А деньги в те времена, надо сказать, были нехитрые. Бывали даже такие, что их на длину мерили. На большом листе бумаги напечатаны квадратиками деньги, как теперь почтовые марки печатают. Только те деньги были размером побольше марок и без зубчиков. Ножницами половину денег отрежут и идут с ними на базар. Назывались эти деньги «керенками». А Емельян Петрович получил другие деньги – наши, советские. Но и они не так уж хорошо были напечатаны, и бумаги-то хорошей в те времена не было. Сложены были деньги бумажка к бумажке. Номер за номером. Чуть липкие от краски и краской же пахнут. Положим, на одной десятирублёвке напечатано КИ 794228, и на следующей обязательно КИ 794229…

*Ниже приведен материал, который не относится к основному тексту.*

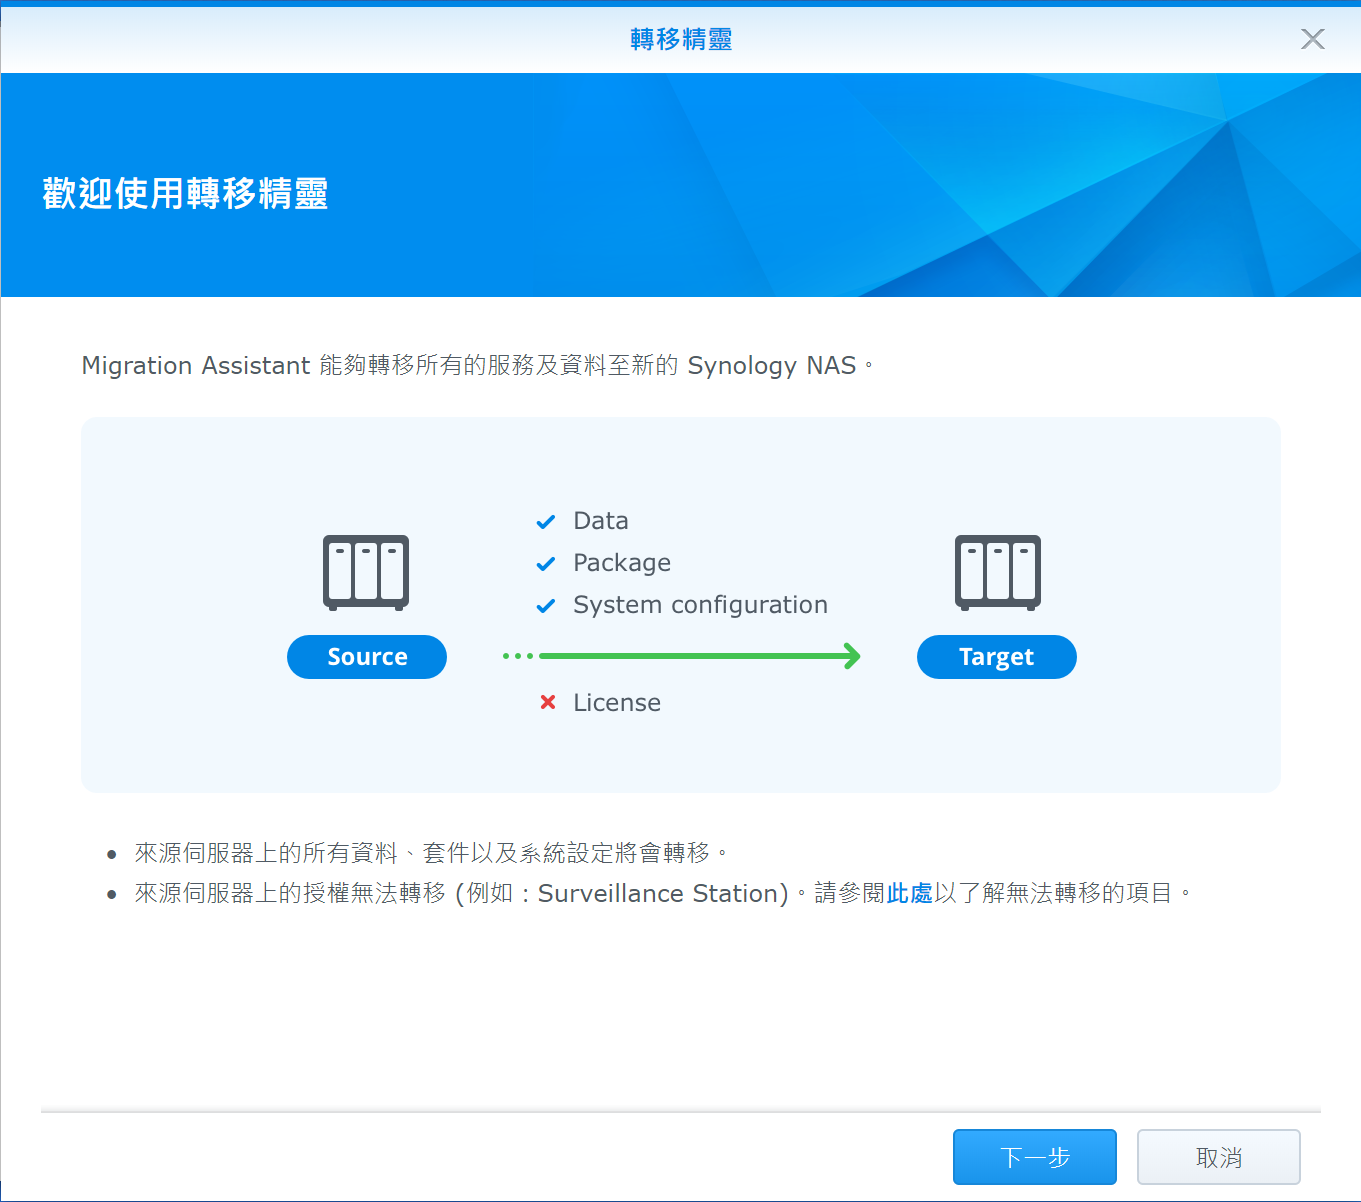 Synology Migration Assistant

Деньги эти были в пачках, как кирпичики. Дядя Емельян мне их показывал. Кирпичи из денег твёрдые и тяжёлые. Только гнутся. И обёртка при этом лопается.

Теперь на Обувке задымили трубы. А вскорости отец принёс мне новые ботинки. Как раз вовремя: назавтра выпал первый снег, и без ботинок я бы не смог из дому выйти.

Все школьники нашего города получили по паре ботинок. Потом фабрика стала выпускать обувь для взрослых.

ДЕНЬГИ

У Емельяна Петровича заказчиков поубавилось. В городе начали открывать магазины. И то, что раньше можно было достать только у спекулянтов – на рынке или в тёмных подворотнях из-под полы, – теперь продавалось в магазинах. И стало теперь проще купить новые ботинки, чем чинить старые.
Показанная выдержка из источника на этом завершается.